Artigo Opinião: A nova ponte do centro
Nas últimas semanas vem se intensificando o debate em torno da localização da nova ponte do centro de Blumenau. Manifestações favoráveis e contrárias têm vindo de diferentes frentes — técnicas e não-técnicas.
Todavia, muito embora todo o debate seja salutar, é prudente que o mesmo não seja feito de maneira apaixonada. É imperativo que a discussão seja pautada com um único objetivo: atender, da melhor forma possível, todos os segmentos da comunidade blumenauense.

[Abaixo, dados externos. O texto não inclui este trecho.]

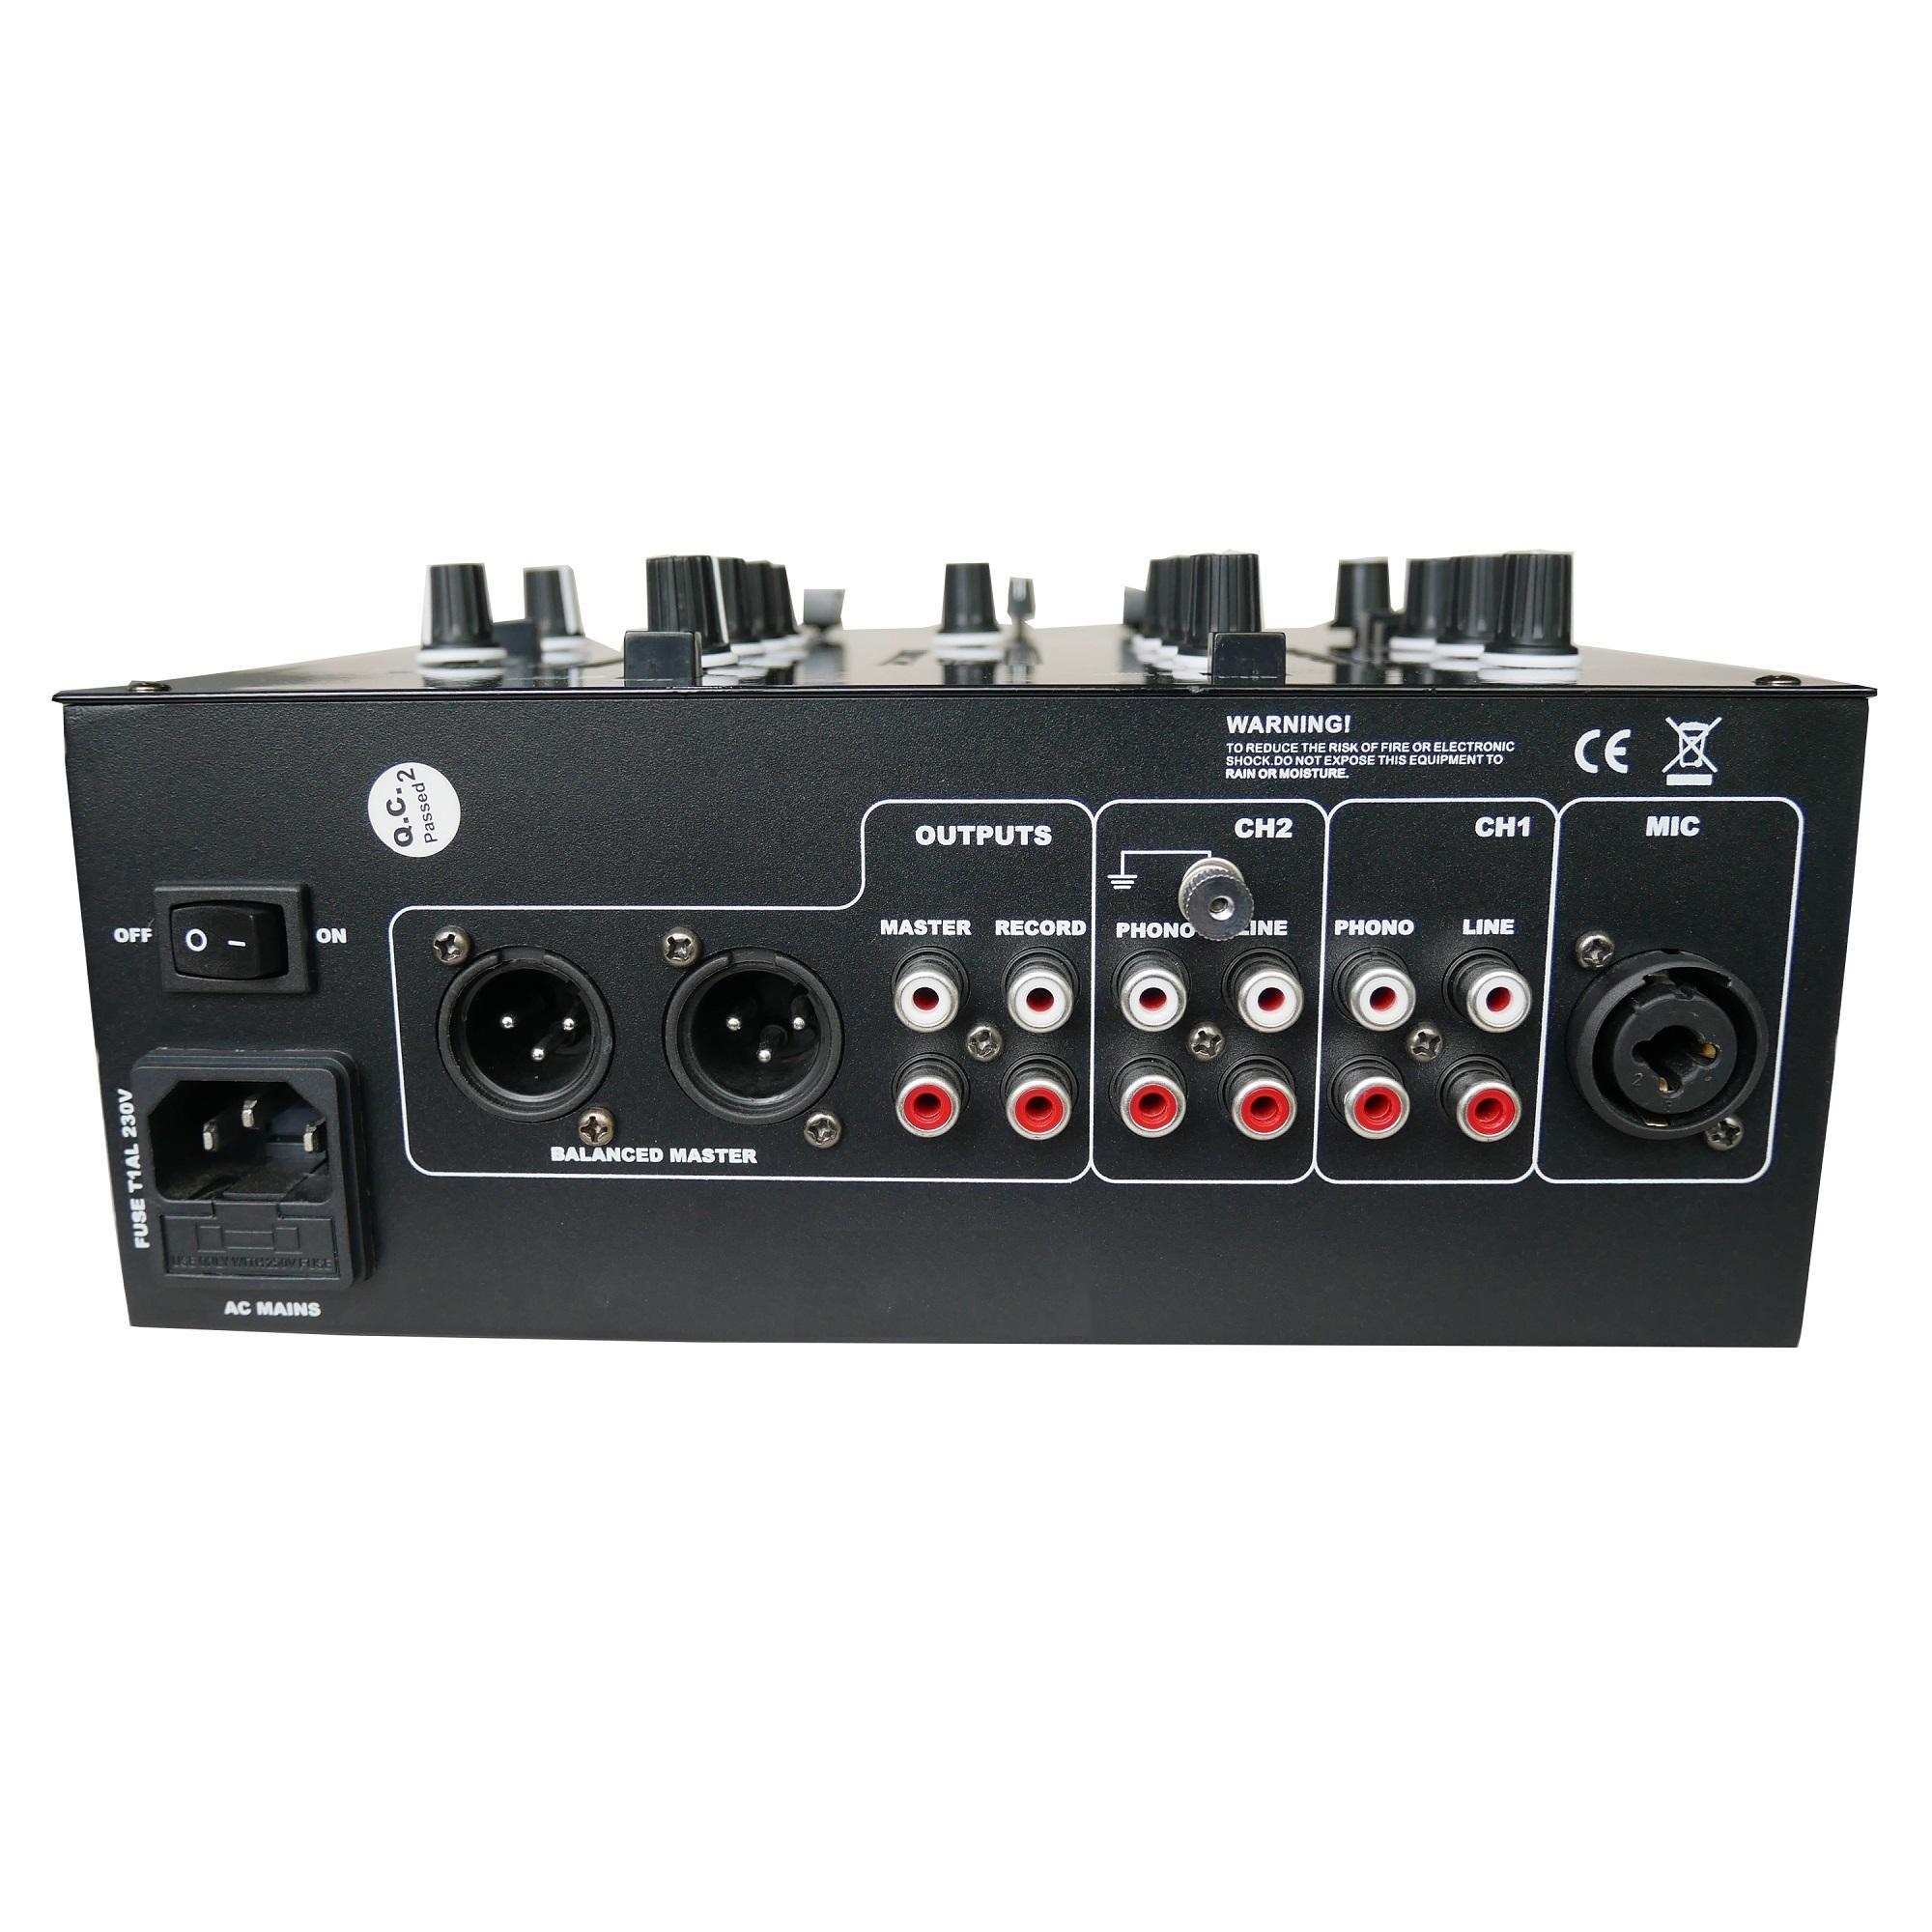 DJM52 Mezclador de DJ battel de 2 canales
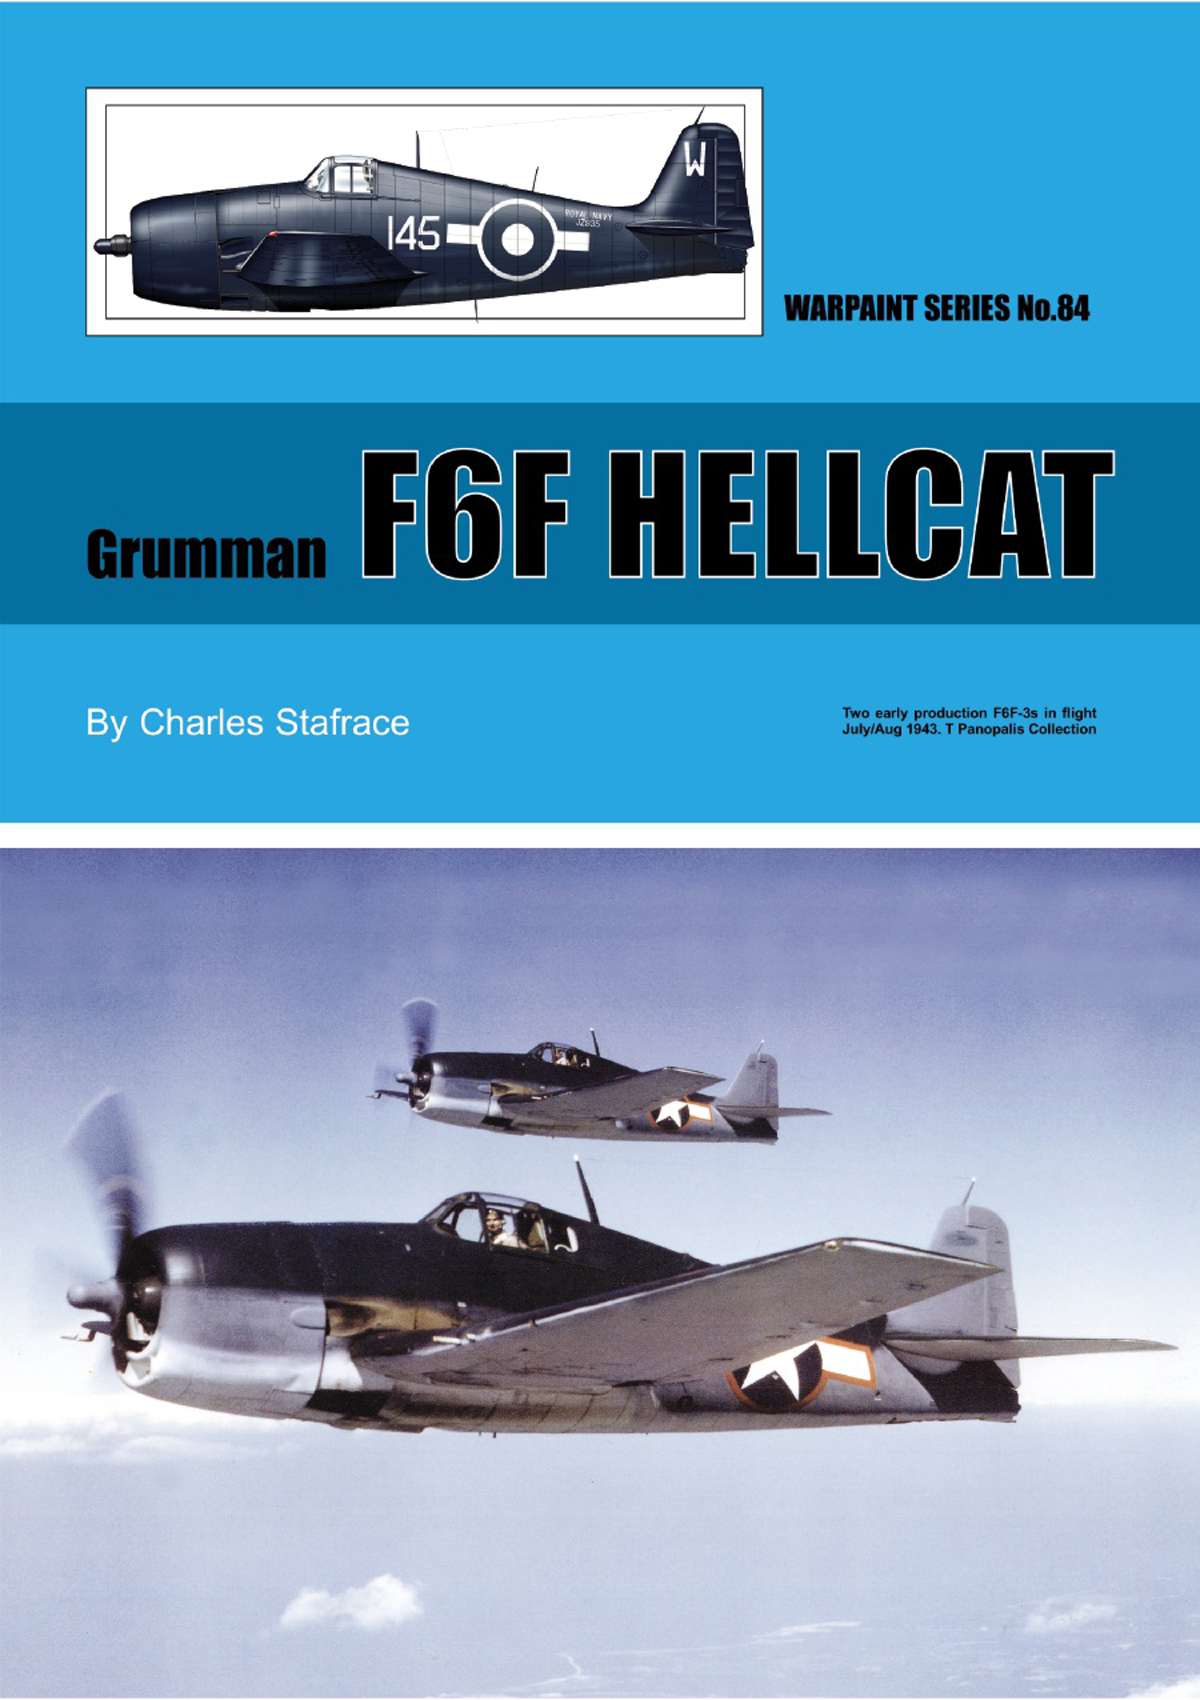 N84 - Grumman F6F Hellcat

É impossível conceber um país sem pontes. Esses equipamentos públicos são vitais para o funcionamento da malha rodoviária, cumprindo um importante papel no fluxo da produção de bens e serviços. Trata-se de um patrimônio que não pode ser avaliado apenas pelo seu custo direto, mas pelo que representa. Uma ponte, individualmente, não é capaz de garantir e/ou melhorar a mobilidade urbana. Trata-se exclusivamente de um elemento que garante a continuidade de uma via. Na Engenharia Civil, as pontes são entendidas como Obras-de-Arte de Engenharia. Não por sua beleza plástica, mas sim por sua natureza multidisciplinar, exigindo dos profissionais envolvidos uma visão sistêmica de todo o processo.
Qualquer afirmação a respeito da nova localização da ponte e suas consequências, é absolutamente inócua se não for acompanhada da imprescindível fundamentação técnica. Certamente, a localização inicial cumpria seu papel no começo dos anos 2000. Decorrida quase uma década, é preciso rever a viabilidade técnico-econômica dessa proposta, uma vez que as demandas de Blumenau sofreram alterações importantes nesse período. E para tal, existem ferramentas abalizadas, que são capazes de quantificar indicadores tangíveis e intangíveis, garantindo assim a indispensável eficácia na alocação dos recursos, oferecendo à sociedade blumenauense uma obra de infraestrutura compatível ao esforço tributário a que é submetida.